There is an undercurrent in the Western church which says that the place of the Western missionary is gone. It says that it’s a waste of time and effort for a Western missionary to go overseas. There are now enough indigenous believers to carry out the great commission; what they need is money. Westerners are great at making money, (goes the thesis) so stay home, make bunches of money, and pour it into indigenous missionaries.
In some ways this is a good point. However, as with most debatable issues, there has been an overcorrection. Just like in driving on an icy road, the overcorrection can be more dangerous than the original deviation.
There are many places in the world with a significant indigenous support and this theory of sending them money is actually very appropriate. An Indian can get by on just a few dollars a day, which to you is nothing. You could support 10 of these missionaries a day if you had the economic means to. The money that it would take to send you and your family over there and live with relative western comforts would support scores of indigenous missionaries.
This is true. Buy ay, here’s the rub:
Many missionaries in unreached parts of the world don’t even have a whole Bible, and their theology is as deep as a first reading of the New Testament allows.
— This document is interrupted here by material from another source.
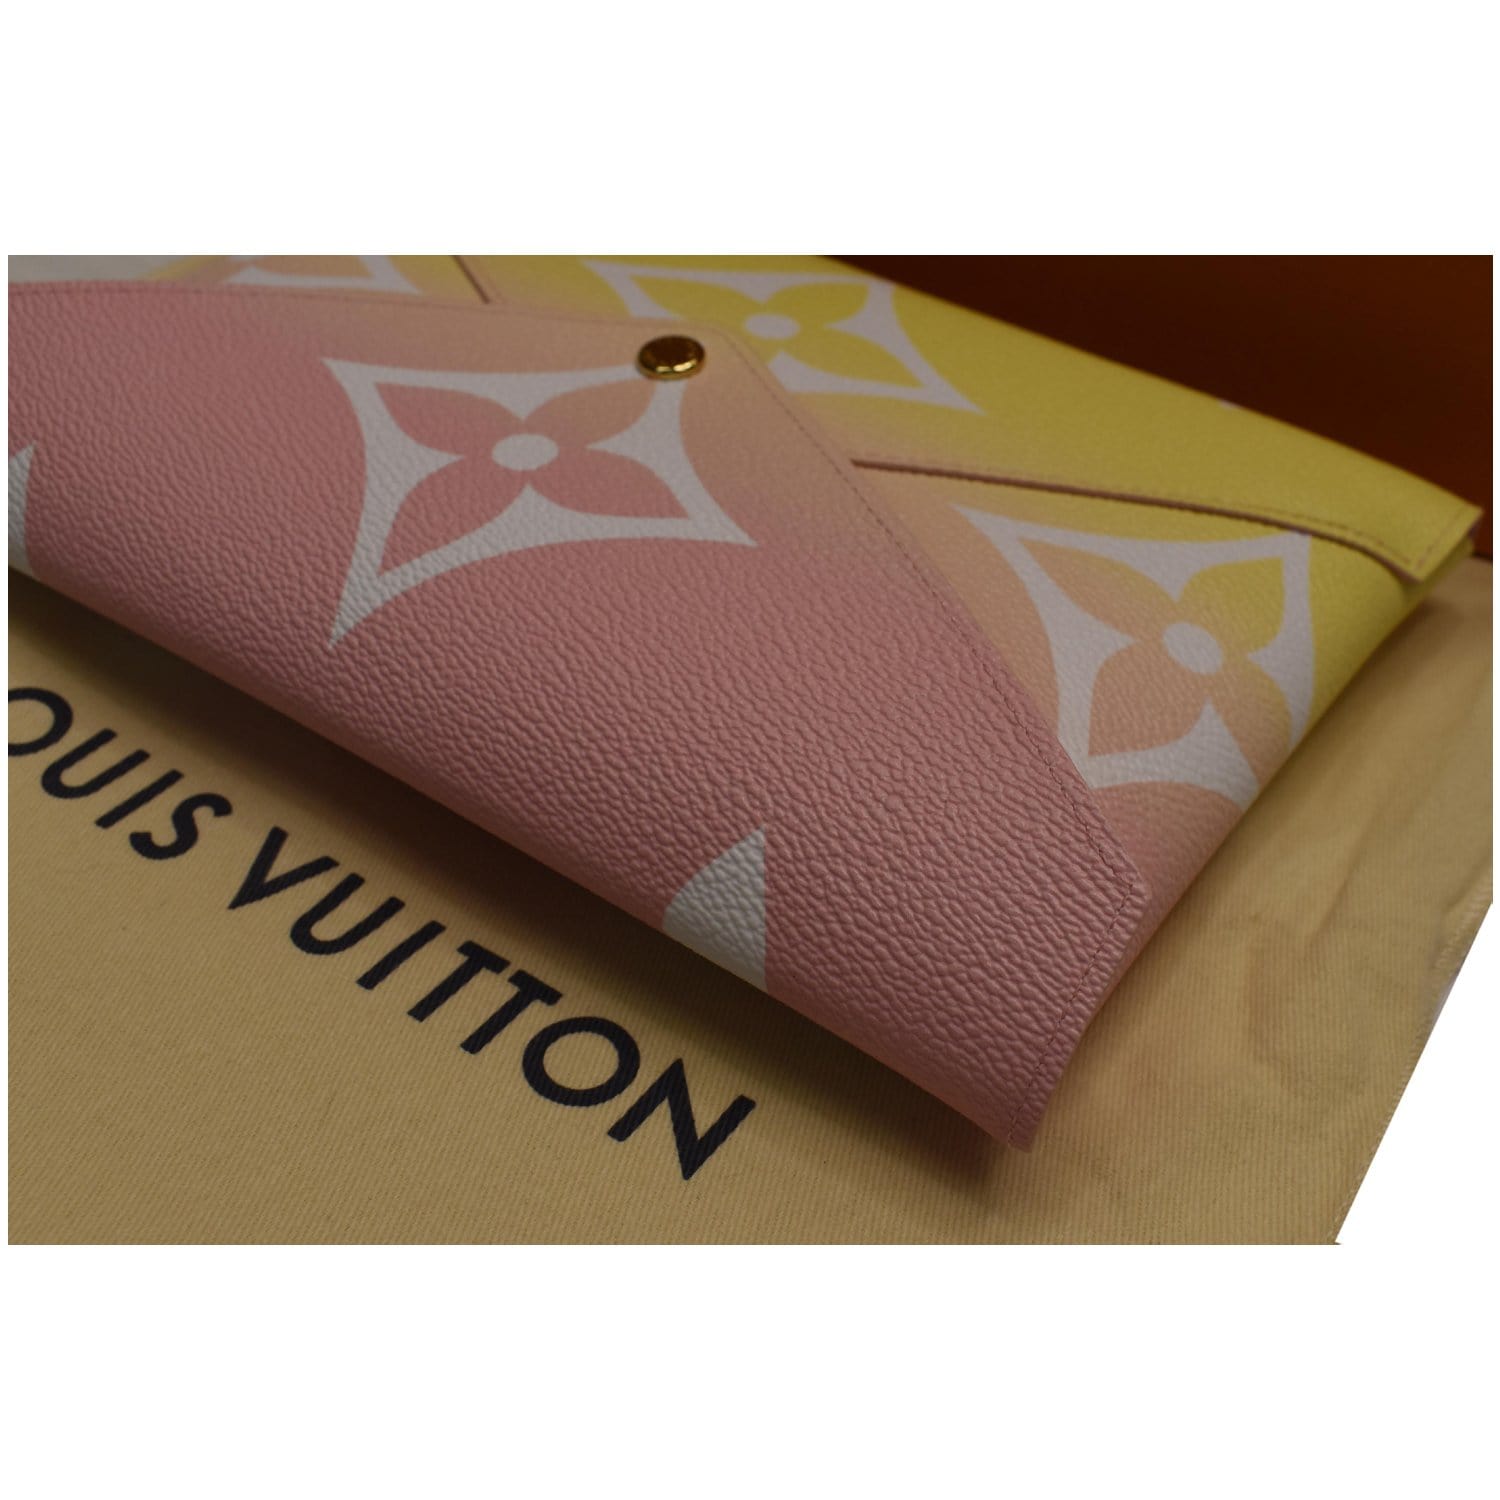 Louis Vuitton LV by The Pool Kirigami Pochette, Multi, One Size
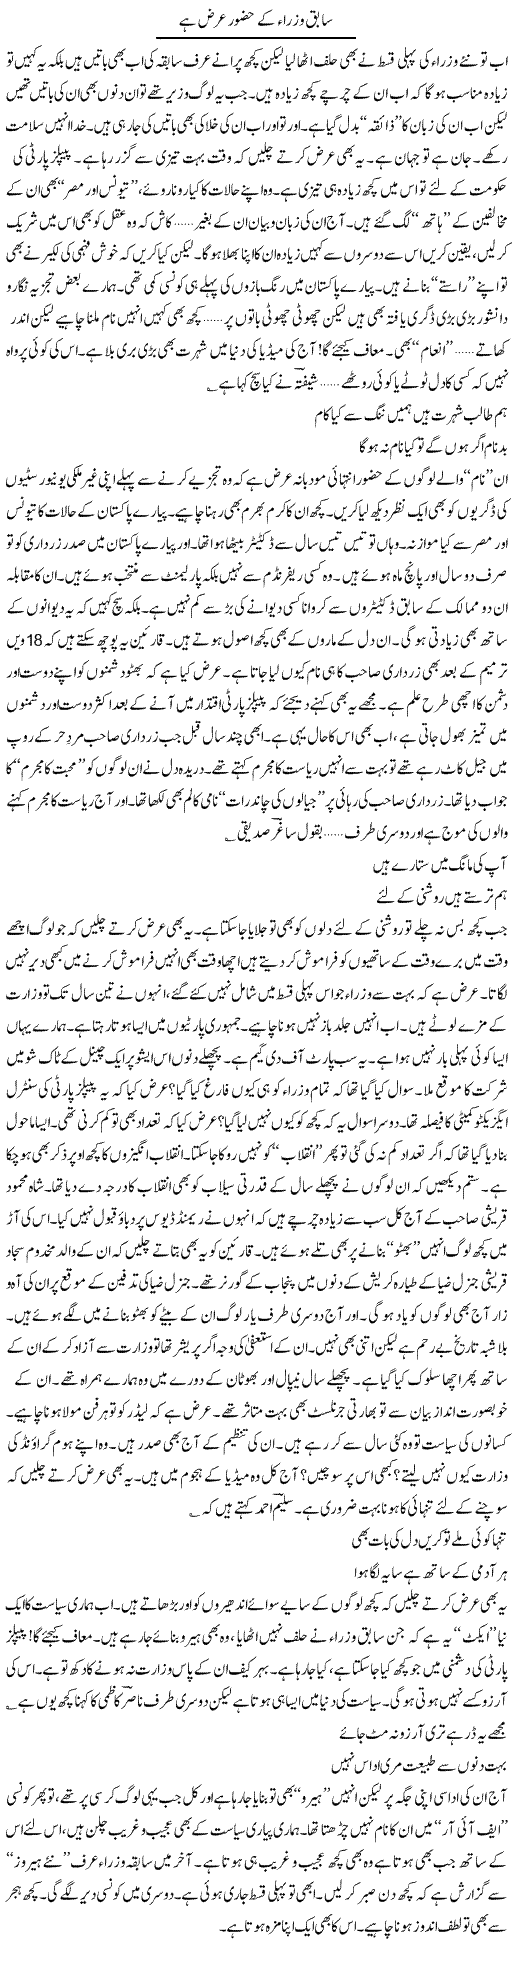 Request To Ex-Ministers Express Column Ijaz Hafeez 15 February 2011

Do we want to pour money on missionaries with unbiblical theology? Lack of good theology is the breeding ground for heresy.
This brings up a can of worms with encouraging indigenous groups self theologize or not, but that’s a separate issue. We would all agree that education is a good thing. Teaching locals how to make better use of their Bibles, to avoid reading it through their own cultural lens, and to be aware of hermeneutics and exegesis is always a good thing. Who will help them if we’re only pouring our money on them?
In many parts of Africa people are converting from Pagan Animism to Christian Animism, following the most powerful miracle worker instead of the most powerful witch doctor. Personality cults are numerous. Theology is weak. Sending those kinds of missionaries support will only encourage heresy and cults.
We need to do our homework. Supporting 10 indigenous missionaries instead of one Westerner is definitely the better choice if those missionaries have solid God-exalting theology, but one biblical Westerner is better than a thousand heretical, personality-cult, animist missionaries.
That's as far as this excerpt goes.